我爸抱著我女儿的第一句话,“这个闺女要跟我们家姓!”
吓得王喜报脸都白了!但立刻想到自己也姓王,安心地舒了口气。
王双巧的“双”字,就是王喜报特意为讨好他老丈人,後加进去的。
本来我女儿的名字叫王巧儿。给她取名字的王喜报说,巧,巧遇,命运的巧合,心灵手巧。总之,俩孩子的名字都跟他的爱情有关。
实话啊,没有爱情哪儿来的结晶呢?
我女儿生来其实也挺反叛的。
只不过有那麽个哥哥在前面“照”著,她就不怎麽显~
加之,女儿到底不比儿子。心软,知道心疼父母,尤其是王双巧,就象我爱我老爹一样,她爱自己的老爹王喜报。
长大後,王喜报因为儿子跟一个男人扯不清,被气得高血压住了院。我女儿从此彻底听从她爹对她的一切安排。考大学、工作、相亲、结婚、出国、生儿育女。。。比当年的我乖多了。

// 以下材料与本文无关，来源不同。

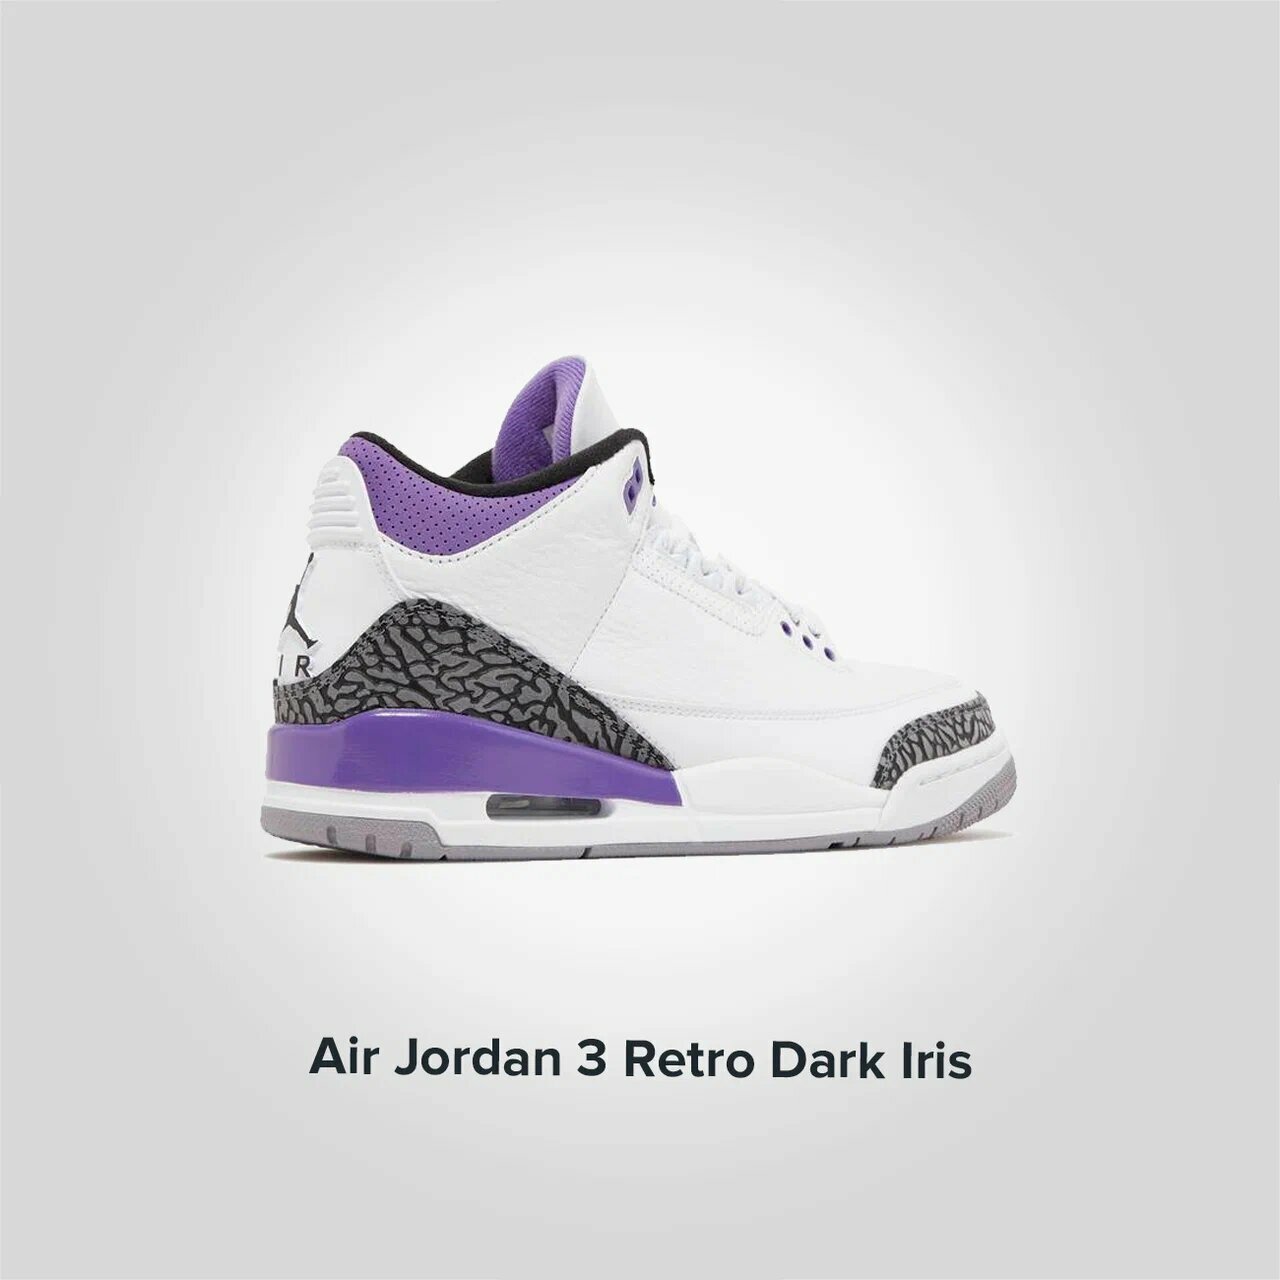 Jordan 3 Retro Dark Iris

真不知道要是没有女儿,王喜报的下半辈子怎麽过?靠什麽支撑?
可我总觉著,人们对我女儿的热情,似乎就是她来到人间,人们知道她是女的的那麽一会儿工夫。
比如她婆,比如他爹,从小到大,他们似乎更看好、更重视男孩子的王细胞。女孩子的王双巧怎麽可能强得过男孩子的王细胞?
我女儿上中学,她奶奶去世後,她成了我的小尾巴。
爸爸一出差,天天晚上赖在我被窝不肯走。告诉我,班上的一男孩儿天天扔小纸条在她的课桌里,她也不知道自己喜不喜欢他。
那时起,我就知道,这个女儿,从头到尾她只属於我一个人!
王喜报花费了四年时间总结陕北的气象资料,书稿寄出後他就反扑他的老本行,政治经济学。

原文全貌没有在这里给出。